Start of Supplied information

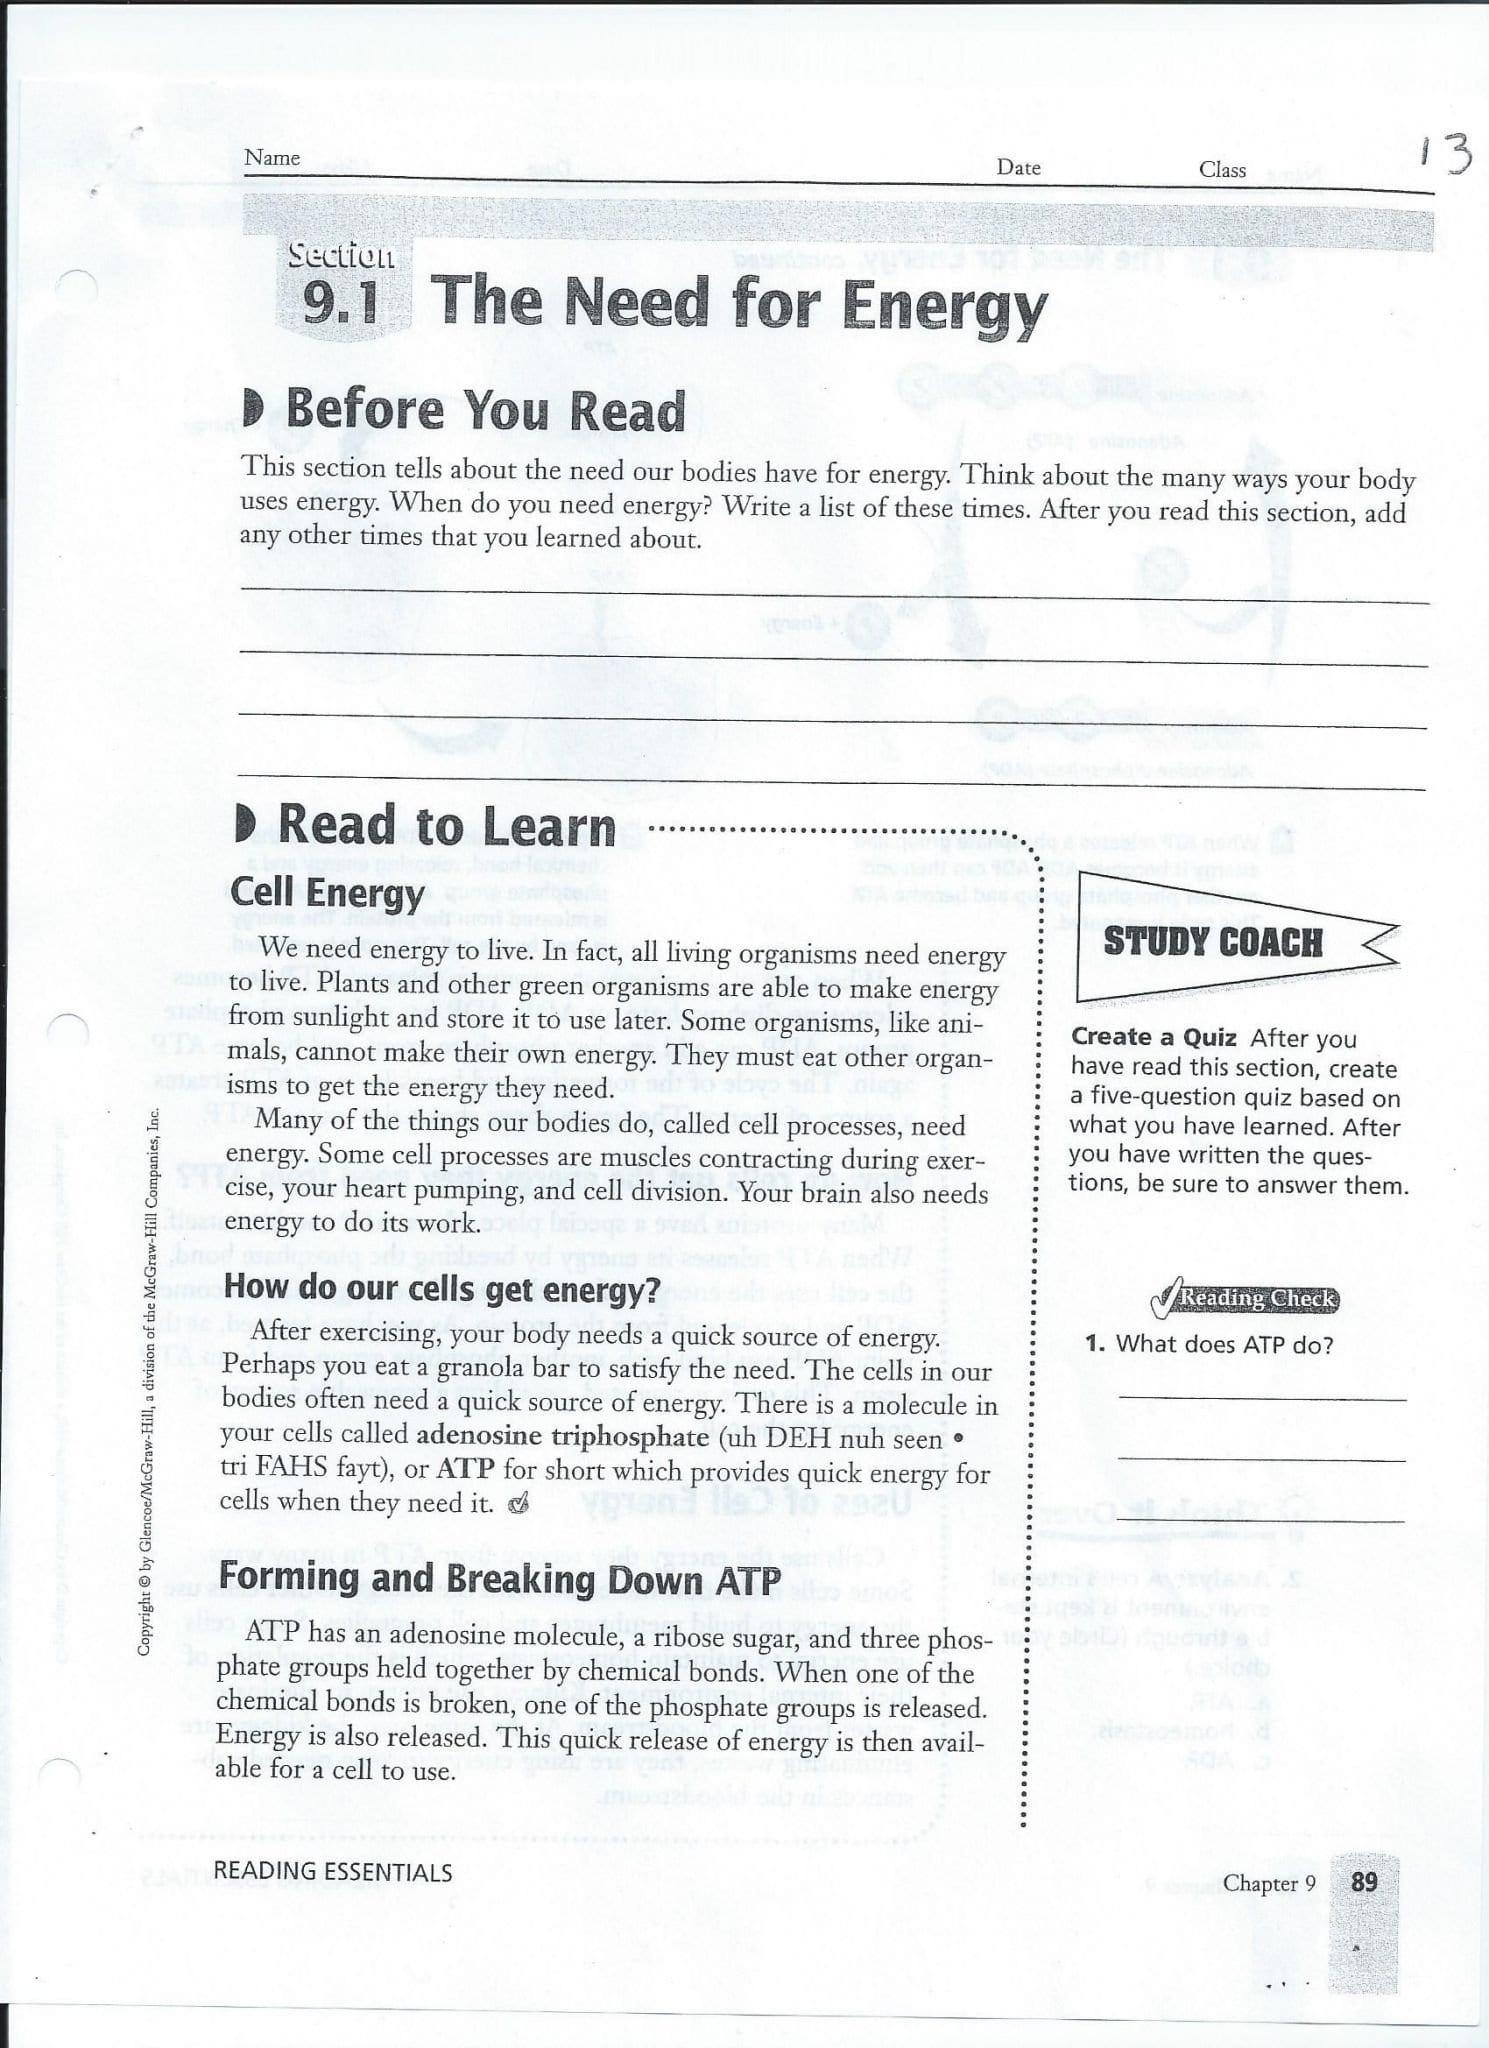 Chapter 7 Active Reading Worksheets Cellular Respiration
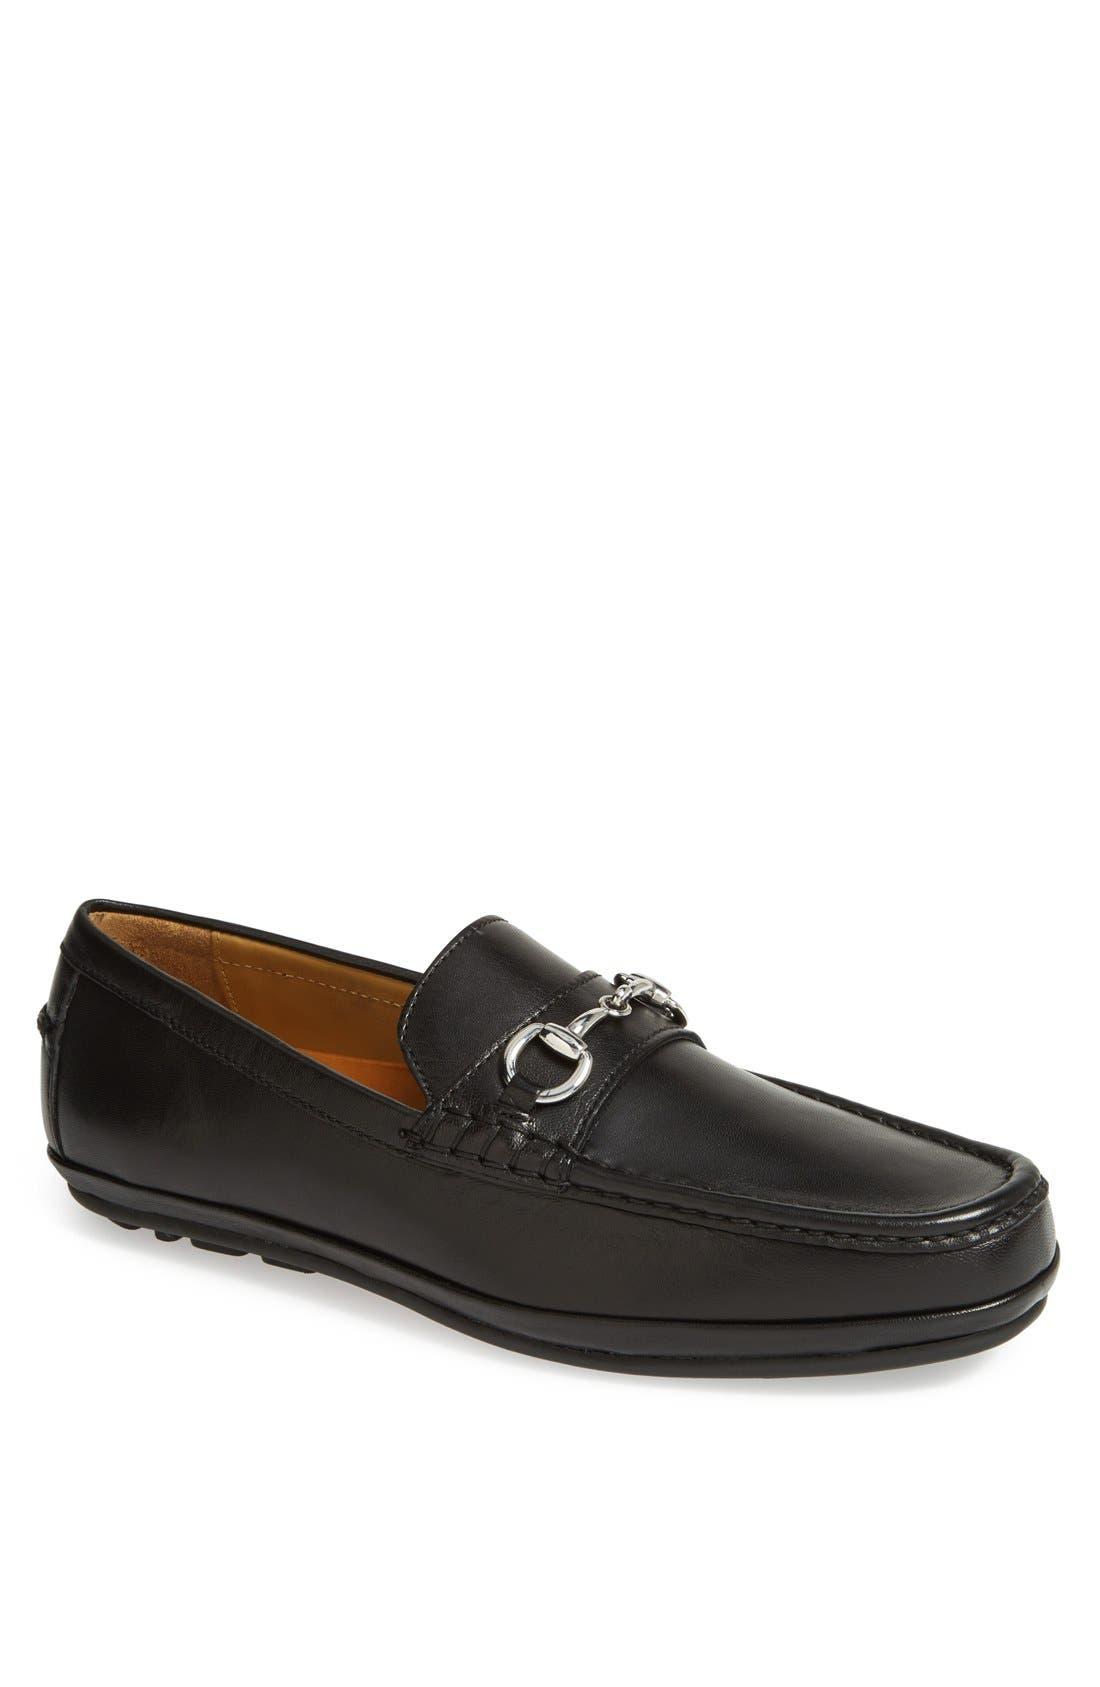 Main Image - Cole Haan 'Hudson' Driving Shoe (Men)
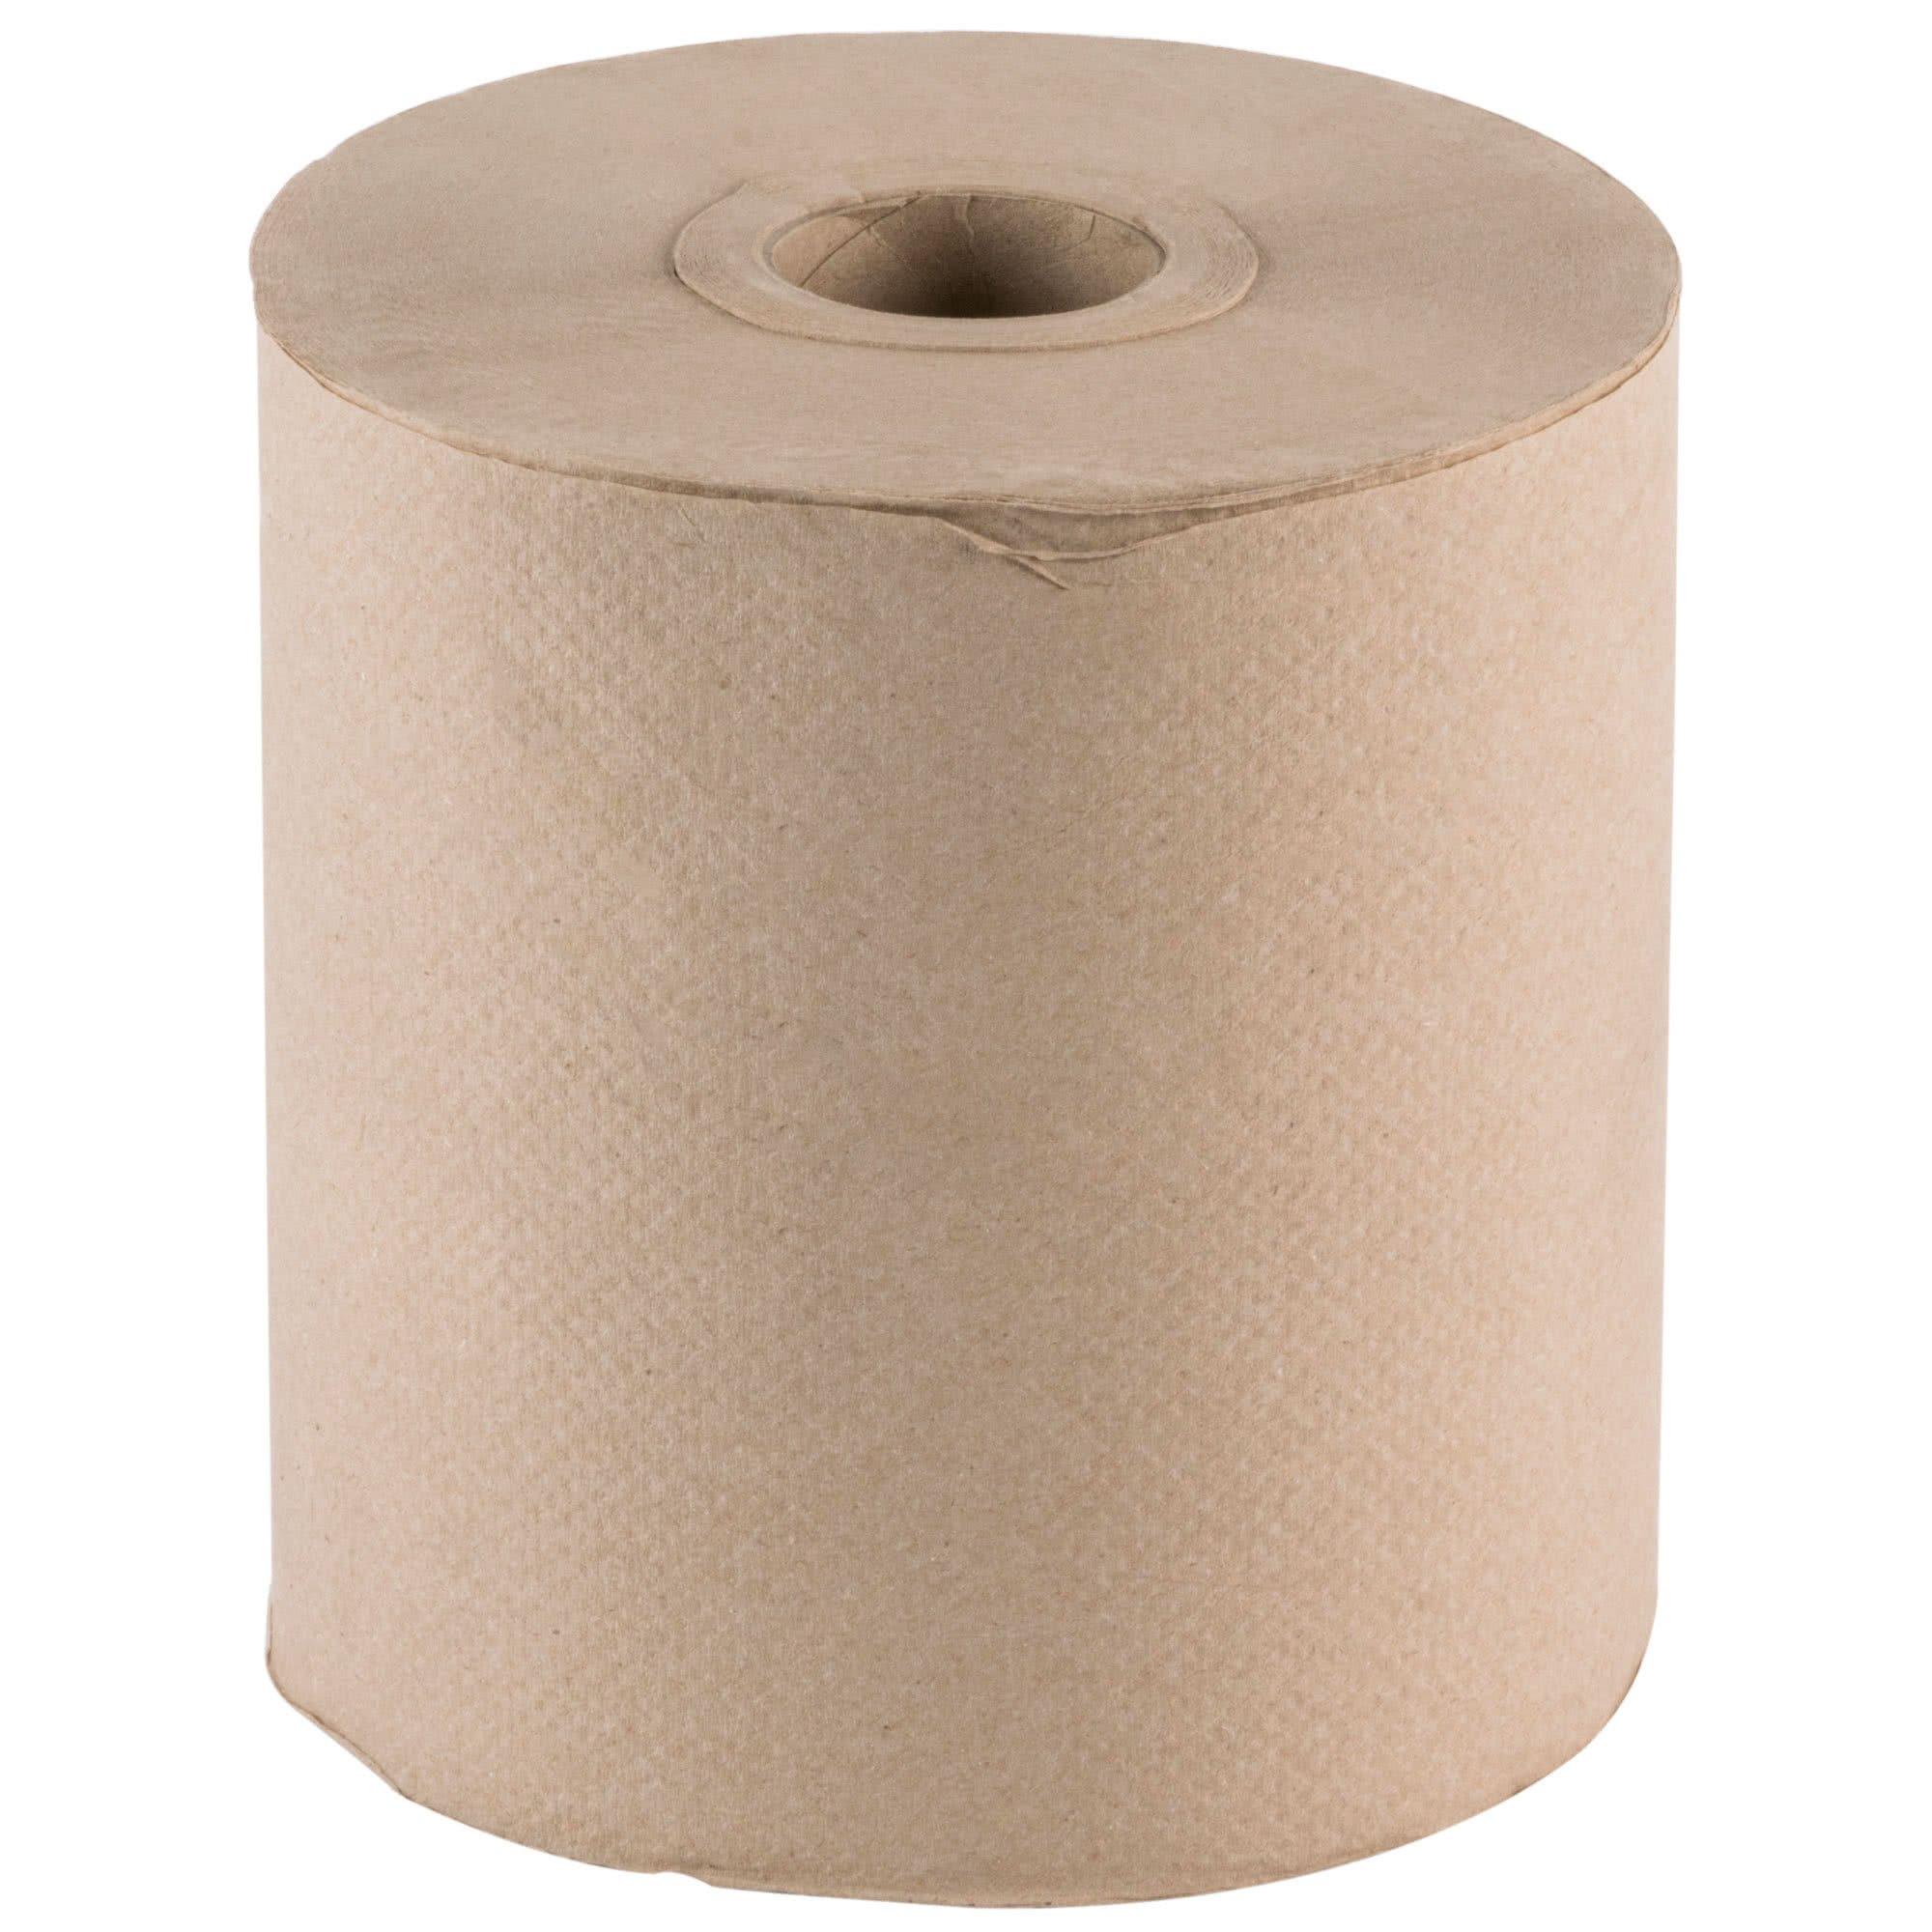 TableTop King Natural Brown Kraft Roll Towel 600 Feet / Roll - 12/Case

End of Supplied information

Transcribe the lines that run from the line bearing "Main Image - Cole" through the last line of the data. Keep the wording exact and leave out every picture.

■ Problem solution ■
 Main Image - Cole Haan 'Hudson' Driving Shoe (Men)
 TableTop King Natural Brown Kraft Roll Towel 600 Feet / Roll - 12/Case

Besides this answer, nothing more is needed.